[Excerpts from a dataset]
#####

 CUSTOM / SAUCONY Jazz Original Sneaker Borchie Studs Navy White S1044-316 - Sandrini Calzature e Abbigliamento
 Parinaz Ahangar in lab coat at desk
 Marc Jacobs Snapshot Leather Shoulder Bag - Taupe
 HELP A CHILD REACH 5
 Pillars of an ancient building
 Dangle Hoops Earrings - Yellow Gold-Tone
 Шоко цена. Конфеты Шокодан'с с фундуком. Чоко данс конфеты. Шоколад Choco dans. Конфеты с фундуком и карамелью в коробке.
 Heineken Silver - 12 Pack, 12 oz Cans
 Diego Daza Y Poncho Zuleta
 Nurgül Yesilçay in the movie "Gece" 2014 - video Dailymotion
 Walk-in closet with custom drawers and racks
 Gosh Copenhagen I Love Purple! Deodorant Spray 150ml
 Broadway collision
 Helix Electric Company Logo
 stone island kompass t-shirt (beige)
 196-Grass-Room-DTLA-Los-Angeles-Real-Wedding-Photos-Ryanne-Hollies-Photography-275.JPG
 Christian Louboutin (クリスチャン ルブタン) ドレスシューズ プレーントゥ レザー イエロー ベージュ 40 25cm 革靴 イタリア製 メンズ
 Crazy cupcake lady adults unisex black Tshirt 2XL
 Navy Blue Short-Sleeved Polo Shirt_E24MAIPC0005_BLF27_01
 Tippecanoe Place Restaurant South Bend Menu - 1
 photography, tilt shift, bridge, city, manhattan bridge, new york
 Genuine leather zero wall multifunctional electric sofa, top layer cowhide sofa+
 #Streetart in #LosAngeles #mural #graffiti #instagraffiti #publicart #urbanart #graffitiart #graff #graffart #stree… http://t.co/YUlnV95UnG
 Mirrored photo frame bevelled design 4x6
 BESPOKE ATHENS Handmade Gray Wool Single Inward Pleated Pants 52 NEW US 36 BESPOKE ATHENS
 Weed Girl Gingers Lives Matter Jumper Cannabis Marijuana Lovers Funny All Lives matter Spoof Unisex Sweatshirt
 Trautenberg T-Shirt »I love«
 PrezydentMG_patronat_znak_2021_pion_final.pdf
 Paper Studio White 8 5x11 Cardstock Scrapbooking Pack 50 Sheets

#####

→ Task prompt: Report each line of the data that includes the string "Pack".

→ Problem solution:
 Heineken Silver - 12 Pack, 12 oz Cans
 Paper Studio White 8 5x11 Cardstock Scrapbooking Pack 50 Sheets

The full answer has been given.